Dear Editor,
I was a La Tierra Montessori student from kindergarten to the beginning of 5th grade. I have seen a lot of things go on in the school, but there has never been such a disaster like this GC (Governing Council). In my opinion they don’t care about the students of La Tierra.
They have continued to destroy the hopes of the school ever being what it was supposed to be. The police have been called on four parents.
That shows that the administration has targeted students and parents. That shows that this is not a safe environment for anyone. Yet, I still think that we can save the school. That is why we are trying to build a new school for everyone in the valley.
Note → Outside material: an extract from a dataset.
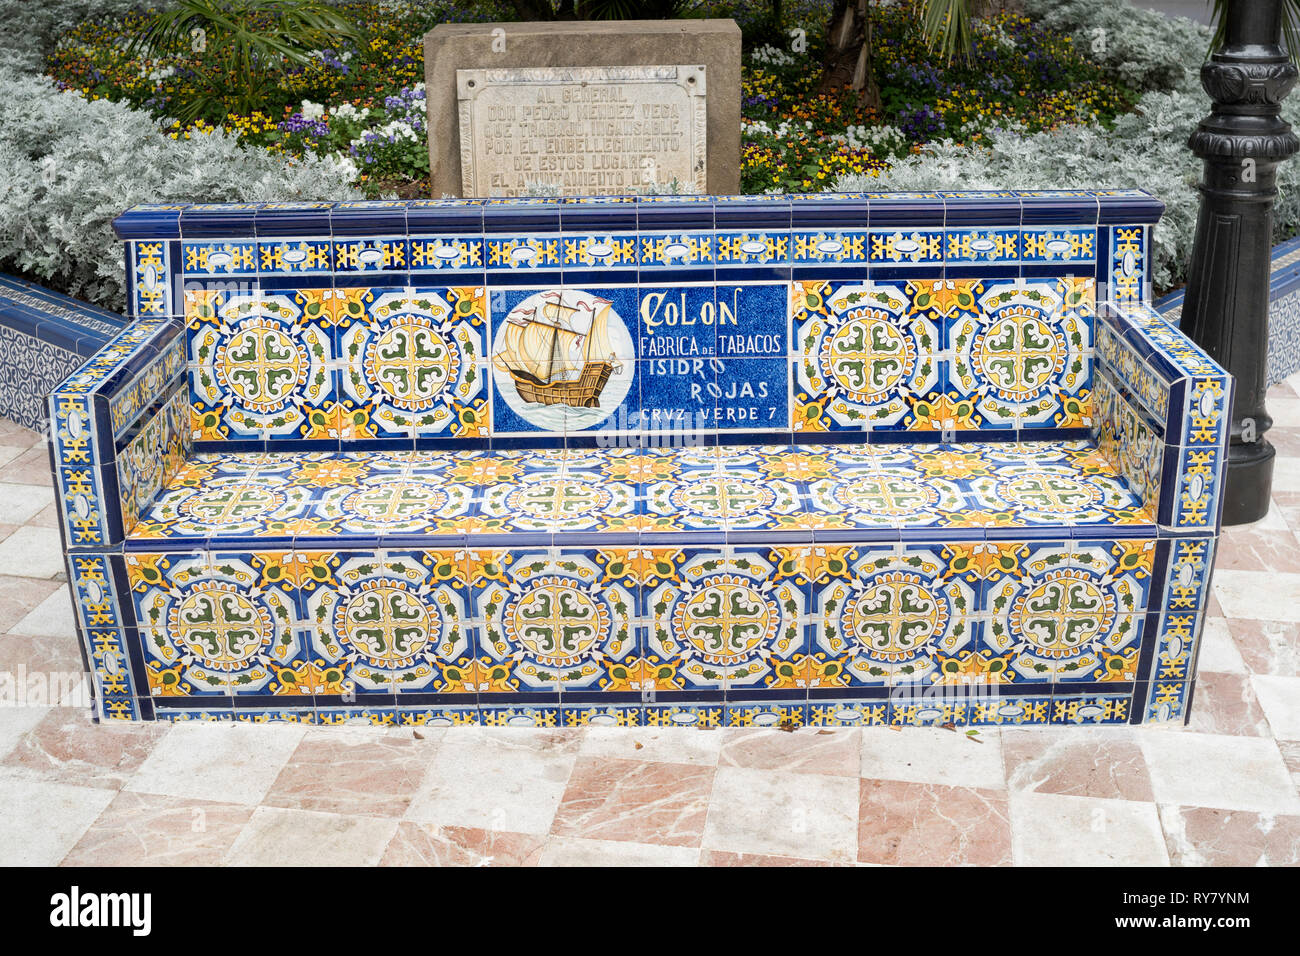 Old Colon tabacos advertising slogan on ceramic tiled bench in the  Plaza de Los Patos in Santa Cruz de Tenerife, Tenerife, Canary Islands Stock Photo

Ixchel Dudek, 11 years old
Ojo Caliente
Dear Editor,
I think it would help lots of people in the valley to have a school they can trust that is not a private school.
We need an alternative to the Española Public School style. It will be Montessori and free – that is what we need in Española. The school we want to implement should have experienced Montessori trained teachers, because at La Tierra there were some teachers that were not experienced at all. They need staff members that can communicate with the parents and students about the things that are going on in the school. They need teachers that actually teach the things that you need to know in life.
Tonahli Tarin-Ogren, 11 years old
Peñasco
Dear, Editor
The Governing Council and head Learner pick out enemies and focus fanatically on punishing them rather than attending to their responsibilities. And it doesn’t take a lot to become an enemy: you just have to criticize one policy decision, speak out on an abuse of power, or otherwise exercise your First Amendment rights in a way they don’t like. And the children are collateral damage, if they even enter the calculations at all. It’s a pattern of behavior that makes abundantly clear the GC’s priorities, and goes a long way toward explaining why the school tanked so hard.
Under current regulations (at least as I understand them), it’s next to impossible to hold a charter school GC accountable for its misdeeds if they’re collective—the work of a group of people acting in concert, not one rogue individual abusing their power or otherwise doing wrong, wrong in which their fellow board members aren’t complicit. When you’ve got a situation like we had, where the GC’s presenting a united front against the school community—when their attitude toward teachers and parents is openly adversarial, and their attitude toward students either indifferent or implicitly adversarial, and they think of the administrative apparatus intervening between them and the teachers as a tool for executing their will—then under regulations the only remedy is charter revocation. When a normal public school’s GC can be unilaterally removed by the PEC, without GC members having to vote on their own eligibility to continue holding their respective offices (or even baselessly rejecting all petitions directed against them as forged or otherwise suspect), it seems ludicrous that then only solution to a comparable case at a charter school is this “nuclear option” of shutting the school down. Members of the school community—in which I include teachers, parents, and students as equal participants, since they all have a stake in the matter—should be able to somehow unilaterally depose individual GC members or entire GCs.
At the end of the day, the GC was entrusted with a lot: stewardship of public funds (which Isaac claims to have taken very seriously), but more importantly the welfare of deeply marginalized children from a criminally underserved part of the altogether criminally underserved rural United States. They had an opportunity to work with these children and their parents and teachers to provide for them the opportunities they’ve been so long and so unjustly denied, but they squandered it on self-indulgent power trips and God only knows what else. Isaac himself sneered that authentic Montessori education was usually something associated with wealthier, whiter/more Anglo parts of the country—and rather than recognizing this is as a problem, and
committing to expanding more egalitarian, child-oriented, or otherwise progressive methods of education to the kids who need them most, implying that the many poor, non-Anglo children of color in the Española Valley simply didn’t deserve it. That’s a self-evidently disgusting sentiment, but after traditional methods of education as practiced in the US have proven such dramatic failures for even many of the best-off among us, is particularly insensitive.